Other IMAP Clients uses a shorter IDLE re-poll timer or issues a NOOP Command.
Microsoft Outlook:  10 min
Apple Mail:  IMAP NOOP every 1 minute (RFC 3501: "The NOOP command can also be used to reset any inactivity autologout timer on the server.")

------
Patch (Reduce  idle_timeout  to 600)
diff fetchmail-6.3.24-patched/imap.c fetchmail-6.3.24/imap.c 
718,719c718
< 	/* mytimeout = idle_timeout = 1680; */ /* 28 min */
<         mytimeout = idle_timeout = 600;  /* reduce to 10 min to prevent ssl socket timeout */
---
> 	mytimeout = idle_timeout = 1680; /* 28 min */

Enviroment:
fetchmail 6.3.24
OS:  Mac OS 10.7.5
IMAP Server:  Provider Strato (imap.strato.de)

---
Best regards,
Wolfgang

Follow-Ups:

Date: 2013-Dec-13 00:51
By: m-a

Comment:
It's six unanswered probes, of course.
-------------------------------------------------------

Date: 2013-Dec-13 00:47
By: m-a

Comment:
Well, it's quite clear from the tcpdump logs that the server has silently gone down, i. e. there was not the usual FIN / FIN|ACK handshake to shut down the connection orderly.

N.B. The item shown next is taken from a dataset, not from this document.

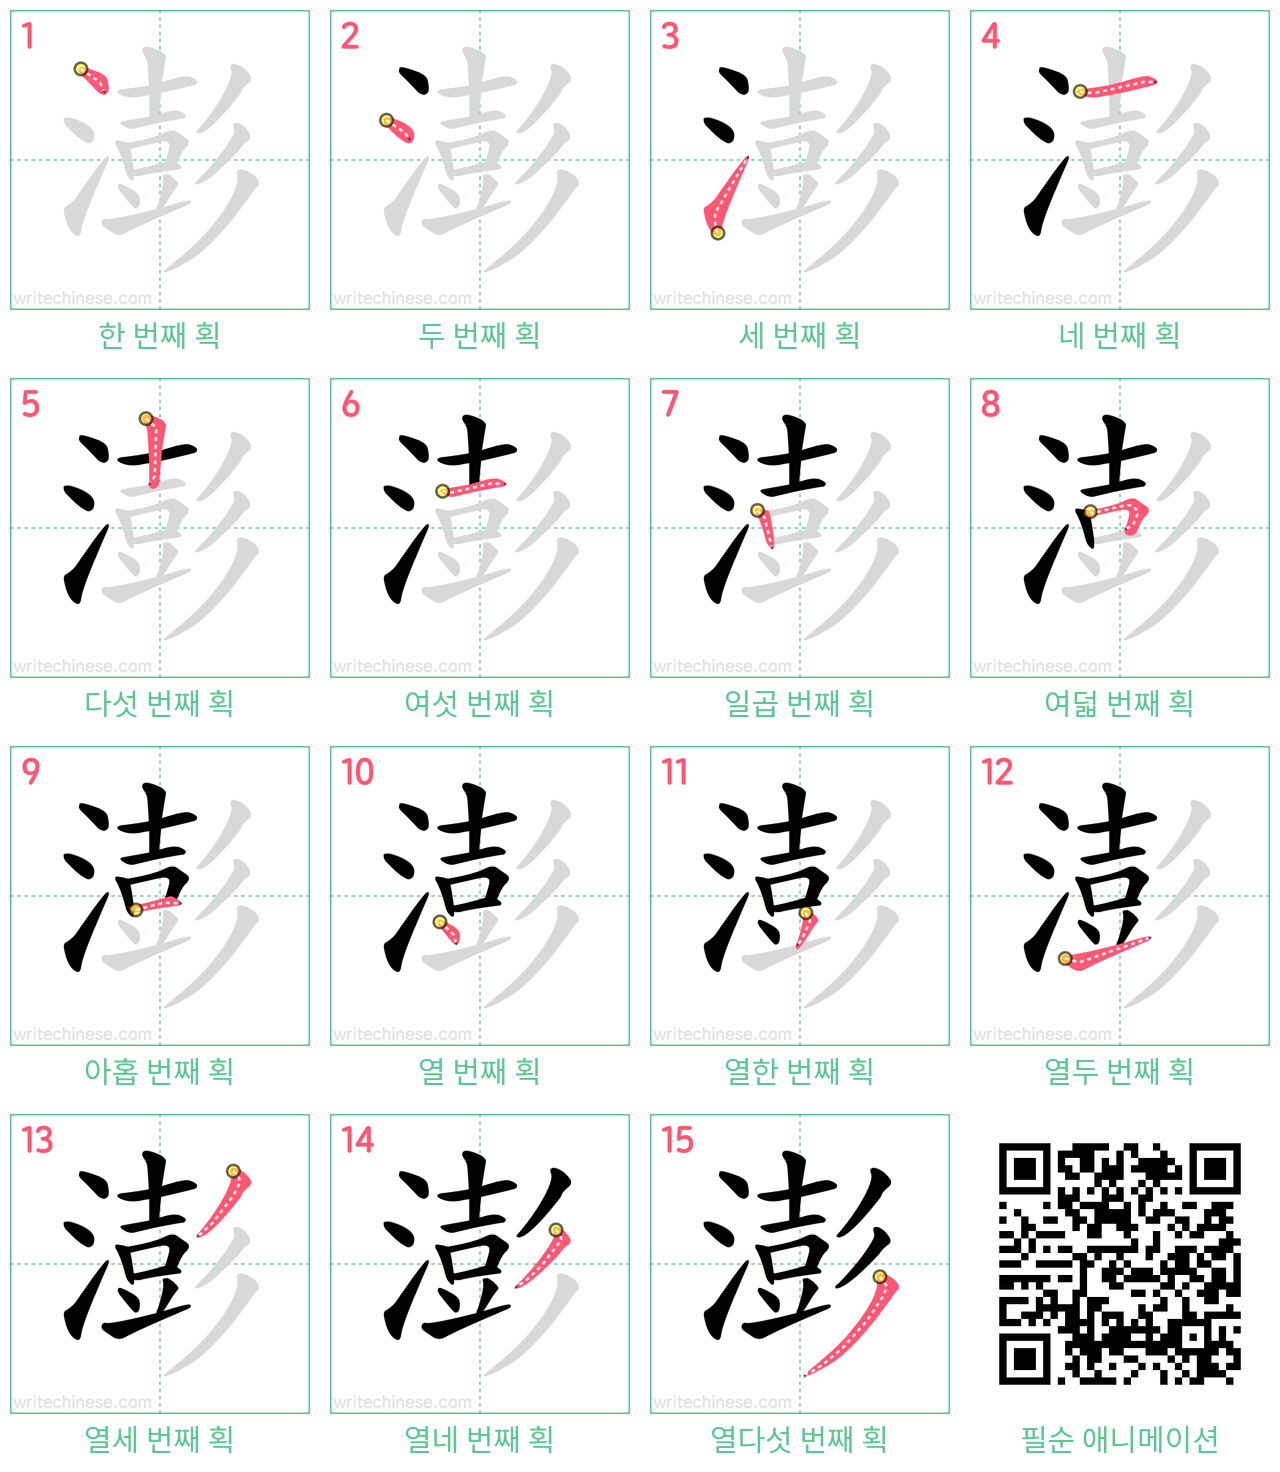 澎 step-by-step stroke order diagrams
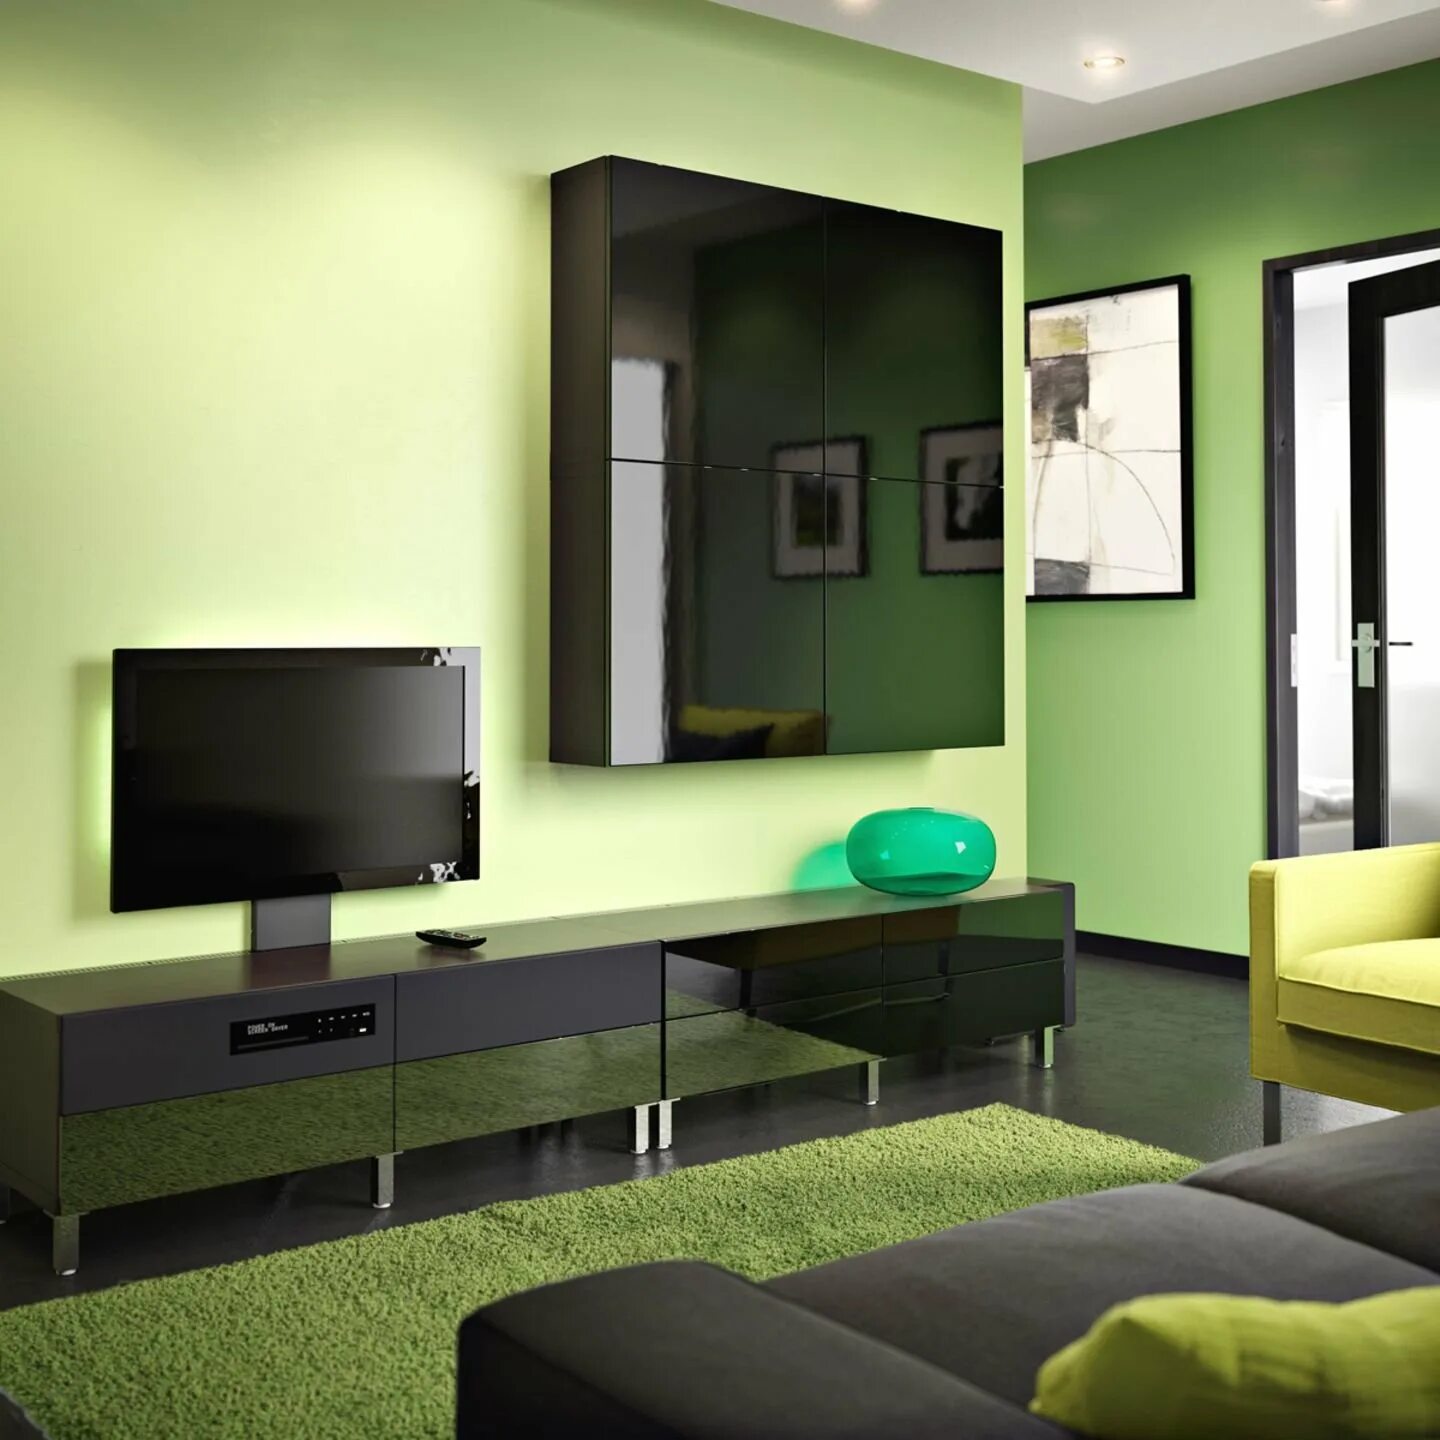 Гостиная в салатовых тонах. Зеленые стены в гостиной. Гостиная с зелеными стенами. Гостиная в зеленых тонах. Сочетание цвета мебели в стенами

When fetchmail tried to re-poll after 28 minutes, it sent out data, and then the server responded with a RST - a sign that it knew of no connection.

I can imagine two ways how this may fail:

1. some firewall (including your router) erases its connection record, and does not let the FIN packages from the server back through. Probably not Linux netfilter, my Ubuntu 3.8 kernel on 12.04LTS has a timeout of 5 days for established TCP connections.

2. some firewall on the server's end erases the connection record, so that fetchmail's "DONE" triggers the connection reset from the remote end

fetchmail has been setting the SO_KEEPALIVE option since release 6.3.20, and OpenSSL does not apparently flip that switch.  

However, the default keepalive timer on Linux and FreeBSD kicks in after two hours - so it's not useful for checking IDLE. 

You'd have to lower that, see if running these commands helps, this set is for Linux:

sysctl net.ipv4.tcp_keepalive_time=300
sysctl net.ipv4.tcp_keepalive_intvl=24
sysctl net.ipv4.tcp_keepalive_probes=6

On FreeBSD and maybe on Darwin/MacOS X, try these (milliseconds here):

sysctl -w net.inet.tcp.keepidle=300000
sysctl -w net.inet.tcp.keepintvl=24000
sysctl -w net.inet.tcp.keepcnt=6

On the next connection, sockets will start probing keepalives after 5, rather than 120, minutes, and resent probes at 24, rather than 75, second intervals, and tolerate five (rather than nine) unanswered probes. Meaning that some seven minutes after a silent disconnect, the kernel would detect that the connection is gone and issue an error code.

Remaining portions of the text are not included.